Thread: Data Warehousing Tuning

Data Warehousing Tuning

From
"Paul Johnson"
Date:
Hi all, we have the following setup:

- Sun V250 server
- 2*1.3GHz Sparc IIIi CPU
- 8GB RAM
- 8*73GB SCSI drives
- Solaris 10
- Postgres 8

Disks 0 and 1 are mirrored and contain the OS and the various software
packages, disks 2-7 are configured as a 320GB concatenation mounted on
/data, which is where load files and Postgres database and log files live.

The box is used by a small number of developers doing solely
Postgres-based data warehousing work. There are no end-users on the box,
and we are aiming for the maximum IO throughput.

Questions are as follows:

1) Should we have set the page size to 32MB when we compiled Postgres?

We mainly do bulk loads using 'copy', full-table scans and large joins so
this would seem sensible. Tables are typically 10 million rows at present.

2) What are the obvious changes to make to postgresql.conf?

Things like shared_buffers, work_mem, maintenance_work_mem and
checkpoint_segments seem like good candidates given our data warehousing
workloads.

3) Ditto /etc/system?

4) We moved the pg_xlog files off /data/postgres (disks 2-7) and into
/opt/pg_xlog (disks 0-1), but it seemed like performance decreased, so we
moved them back again.

Has anyone experienced real performance gains by moving the pg_xlog files?

Thanks in anticipation,

Paul.



Re: Data Warehousing Tuning

From
"Frank Wosczyna"
Date:
Hi Paul, just some quick thoughts:


> -----Original Message-----
> From: pgsql-performance-owner@postgresql.org
> [mailto:pgsql-performance-owner@postgresql.org] On Behalf Of
> Paul Johnson
> Sent: Wednesday, July 06, 2005 10:16 AM
> To: pgsql-performance@postgresql.org
> Subject: [PERFORM] Data Warehousing Tuning
>

>
> Questions are as follows:
>
> 1) Should we have set the page size to 32MB when we compiled Postgres?
>
> We mainly do bulk loads using 'copy', full-table scans and
> large joins so this would seem sensible. Tables are typically
> 10 million rows at present.

I would defer changing page size to the "fine-tuning" category, our
experience with that has not produced substantial gains.  Would focus on
the other categories you mention below first.

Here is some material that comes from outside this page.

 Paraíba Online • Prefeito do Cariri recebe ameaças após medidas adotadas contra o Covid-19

Also, for heavy use of COPY, you may consider using the latest release
of Bizgres 0.6, which should speed loads:
http://www.bizgres.org/pages.php?pg=downloads or
http://www.greenplum.com/prod_download.html for compiled version.


>
> 2) What are the obvious changes to make to postgresql.conf?
>
> Things like shared_buffers, work_mem, maintenance_work_mem
> and checkpoint_segments seem like good candidates given our
> data warehousing workloads.

You're on the right track, it depends on nature of queries (sorry for
giving you the "consulting" answer on that one), but here are some
PostgreSQL configurations to consider:

a - Consider using separate disk partitions for transaction log, temp
space and WAL.  See separate note about WAL and directio in Solaris
tuning note, link below.  May put temp space on a separate partition, in
anticipation of forthcoming changes which take advantage of this.

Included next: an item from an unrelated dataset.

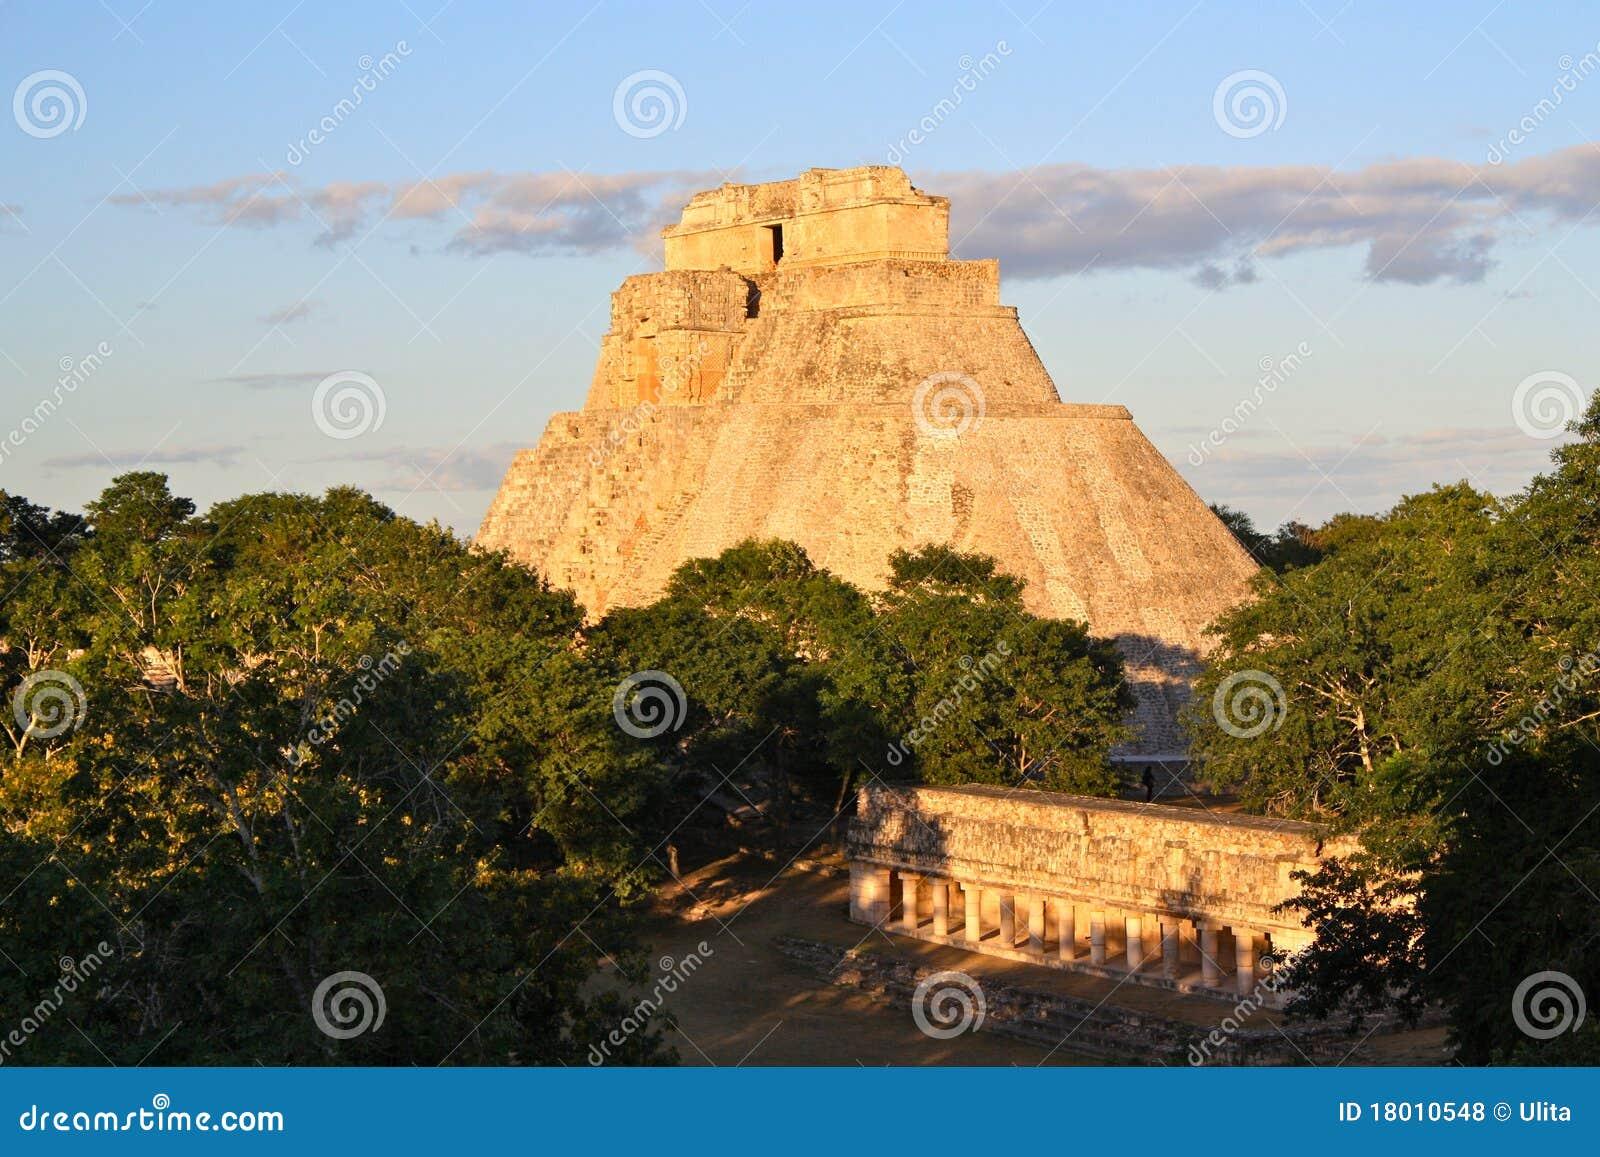 uxmal mayan pyramid  yucatan  mexico royalty free stock photos

b - Sizing temp space?  Should be as large as the largest index.  Set
max speed read/write config: minimal journaling, use write-through cache
on this.

c - Might try increasing checkpoint segments (64?).  More logs produces
significant benefit.  And turn checkpoint warnings on (Off by default).

d - Sort mem and work mem - What queries are you running?  Workmem used
in aggregation/sorts.  How many concurrent reports?  For 3 complex
queries, might try 256MB at work mem?

e - You probably do this already, but always ANALYZE after loads.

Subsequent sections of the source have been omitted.